The thought of the ‘day case’ intravenous steroids terrified me! At that time the thought of having to sit in a room full of strangers whilst connected to a machine pumping drugs into me was not a nice thought at all!
I went for the tablet form, it couldn’t be that bad surely! “I can take tablets easily and doing it this way I don’t have to take time off work!” I remember thinking to myself!
NICE says: “Any individual who experiences an acute episode (including optic neuritis) sufficient to cause distressing symptoms or an increased limitation on activities should be offered a course of high-dose corticosteroids.” NICE also recommends that steroids should not be given more than three times in any year, and a course of steroids should last no longer than three weeks.
Steroids are powerful drugs. They often get a bad name in the media because of their association with athletes and body-builders who use ‘anabolic steroids’ to boost their performance and ability. These are not the same as steroids used to treat MS. Used correctly, steroids can be a very good treatment for different conditions, including relapses in MS.

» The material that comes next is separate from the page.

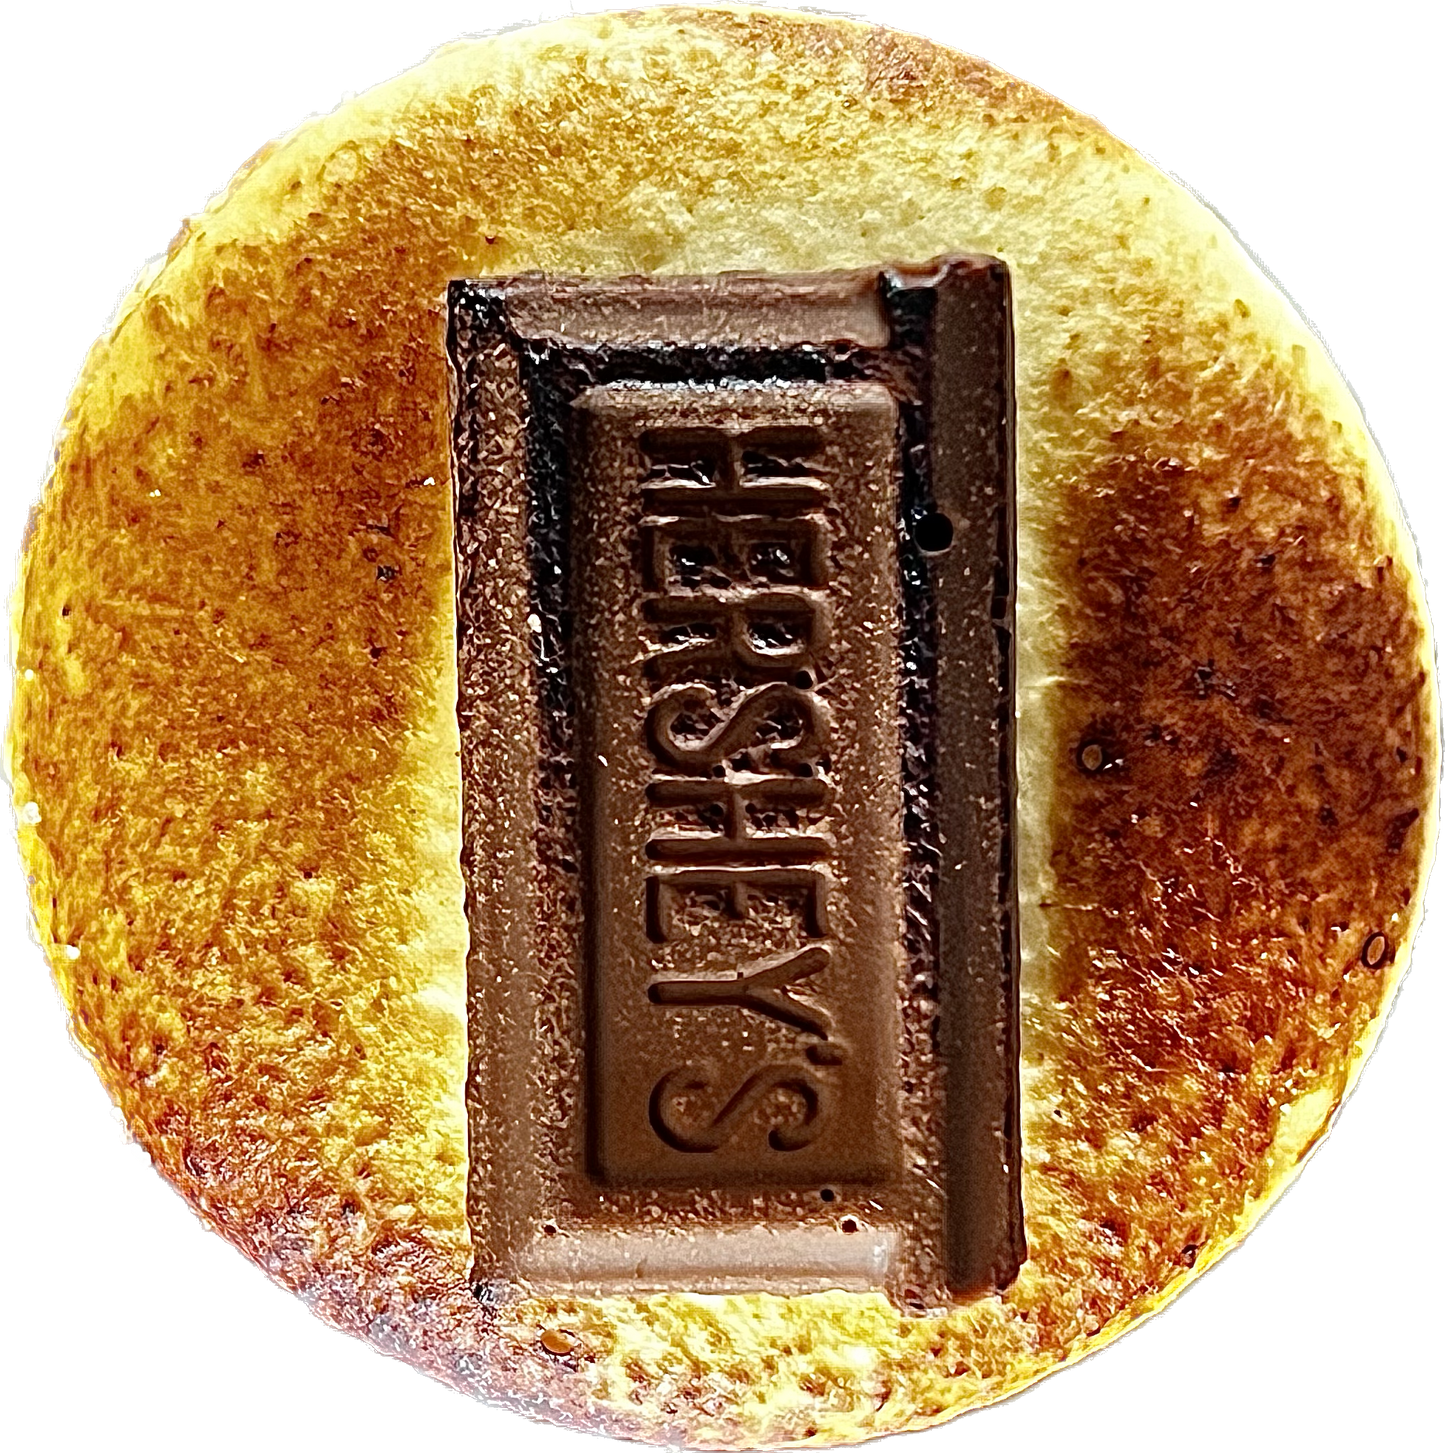 Smorecaron - Chocolate Topped

The way that steroids work in MS is not fully understood, but we expect them to:
- reduce the inflammation
- shorten the duration of the relapse
- speed up recovery from the relapse
Steroids don’t affect the outcome of a relapse – any difficulty or disability that might result from a relapse.
There are a number of side effects of steroids – as there are with all drug treatments. The possible effects of the drug must be weighed against the possible side effects, ideally in discussion with your MS nurse, GP or neurologist. However, steroids are generally well tolerated when given to treat relapses, and side effects are normally short-lived:
- mood alteration (up or down)
- altered sleep pattern (often difficulty in falling asleep)

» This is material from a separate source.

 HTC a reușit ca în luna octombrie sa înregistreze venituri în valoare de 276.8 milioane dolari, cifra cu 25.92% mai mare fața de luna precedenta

- upset stomach or gut – including feeling nauseous
- palpitations (faster than normal heart rate)
- metallic taste in the mouth
- increased appetite
- weight gain (usually short-term)
- flushing/ reddening of the face
- ankle swelling
- acne (temporary)
My Dad took the prescription from the Neurologist who was still in the room & went to collect the tablets from the pharmacy before they closed.
The appointment came to an end. I was told to take the tablets in the morning along with another tablet that was prescribed to protect my stomach.

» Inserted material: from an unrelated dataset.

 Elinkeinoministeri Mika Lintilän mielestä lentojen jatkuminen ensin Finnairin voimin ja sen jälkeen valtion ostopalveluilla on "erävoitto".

I was told I would require a follow up appointment and the details for this would be sent to me in the post. The nurse made sure I had all the information that I was given at the beginning of the appointment and advised me that I would have to do a few things…
- I had to advise DVLA of my diagnosis
- I wasn’t allowed to drive until my vision returned to normal
- I should get in touch with
- If I had Critical Illness cover I should
After my Dad returned we made our way to the car, all very quiet. What could be said! I think we were all in shock!